If she is getting physical with your dad, you and your sister she needs to be stabilized before any facility will accept her.
She probably should NOT go to Assisted Living as they will not be able to get her to take her medications any more than you can. This will result in violence, hospital and being asked to leave the facility. The same would probably happen in Memory Care. (A Court order for involuntary treatment could be issued so medication could be given if a facility wanted to do that.)
But it sounds like you need a current, accurate diagnosis
Do you have a formal diagnosis from a neurologist?
You need that, so you can get the right meds.
Your PCP should refer you to Neuro to get an appointment.
The test is a 3 hour verbal test that will map her brain and pinpoint the source of the dementia.
Also, meds do need adjusted over time as the disease progresses to keep the voices and visuals under control.
Just make sure that the assisted living facility has a memory care unit attached so that when the time comes that she in fact does need it, it will be a smooth transition for her.
So I wish your father well in finding the right assisted living facility for your mother.
AL will not tolerate this kind of trouble-maker. We had a few like this in the AL I worked in. The ones who called the police all the time, the yelling and screaming. Physical aggression too towards other residents and property.
We had one who should have been in memory care long before she was. This woman was very fit and if you saw her and didn't know, you'd think she really had it together. She used to get very violent and aggressive. One day she threw a lamp through the front window of out facility, smashed up everything in her room, and hit me in the face.
Luckily, the maintenance guys were in the building doing work and helped. She had to be held down by two grown men, then zip-tied to chair until the police and paramedics got there. She was not allowed to return to our facility.
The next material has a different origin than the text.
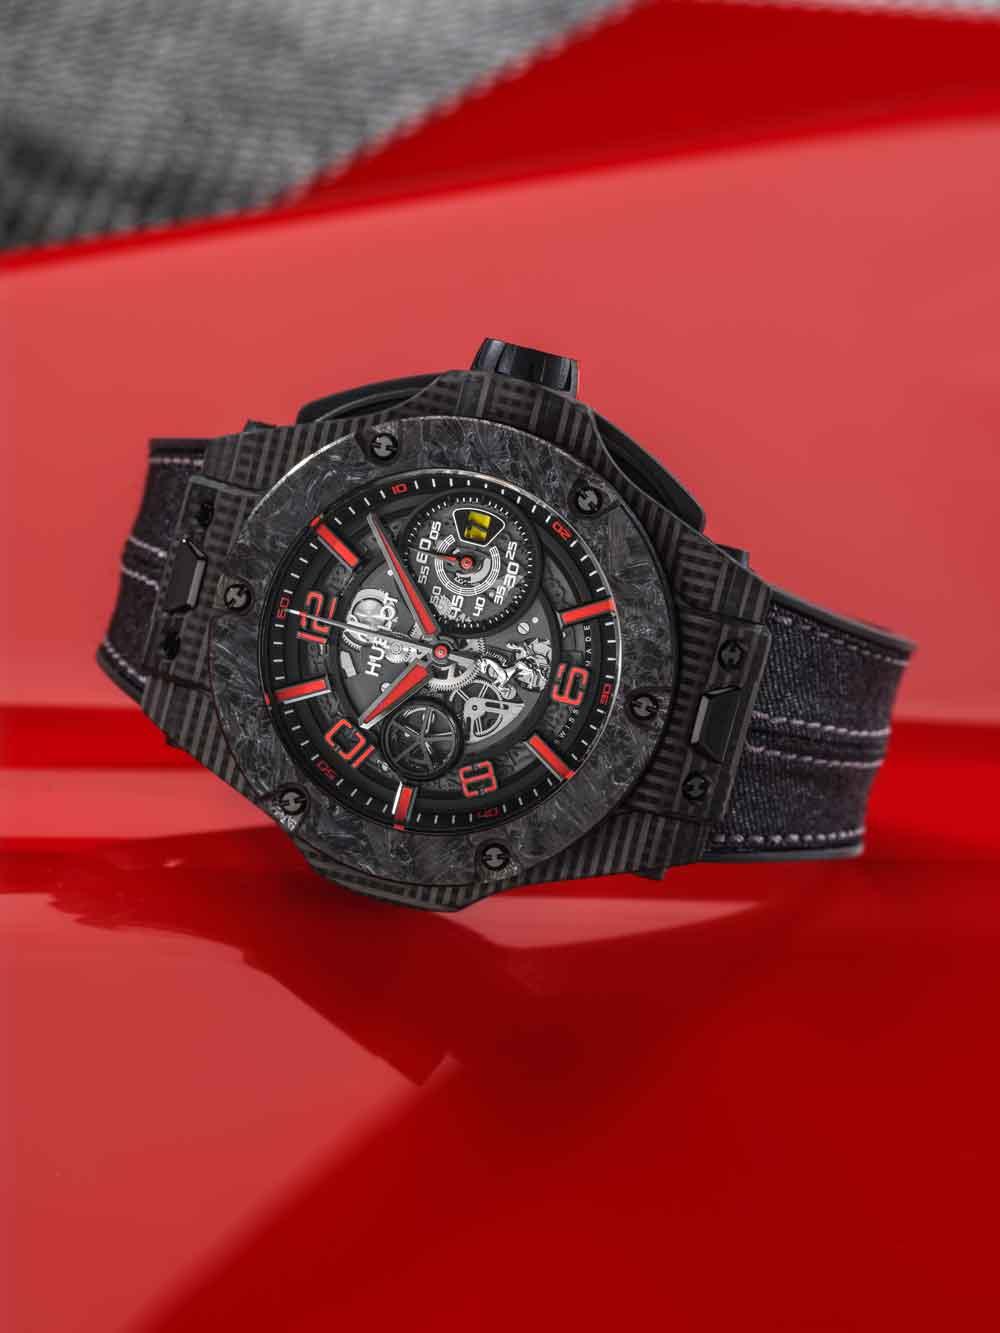 Reloj Hulbot Big Bang Scuderia Ferrari 90th Anniversary 3D Carbon Limited Edition

The hospital and her family had to get her somewhere else and they did.
Have anyone from the memory care places you've contacted done an in-person evaluation on her? They may be hesitant to take her if she is a possible threat to other residents, so she needs consistent use of medications that will reduce the behaviors.
Your dad needs to keep his guardianship paperwork somewhere accessible, but also safe so that your mother can't rip it up. The next time your mother goes to the hospital or psychiatric unit, your dad needs to stay strong and tell them that she cannot be released safely. See if you can get a MC placement lined up for them to take her to directly, via medical transport.
I'm very sorry you're all going through this. It sounds so extremely exhausting and frustrating.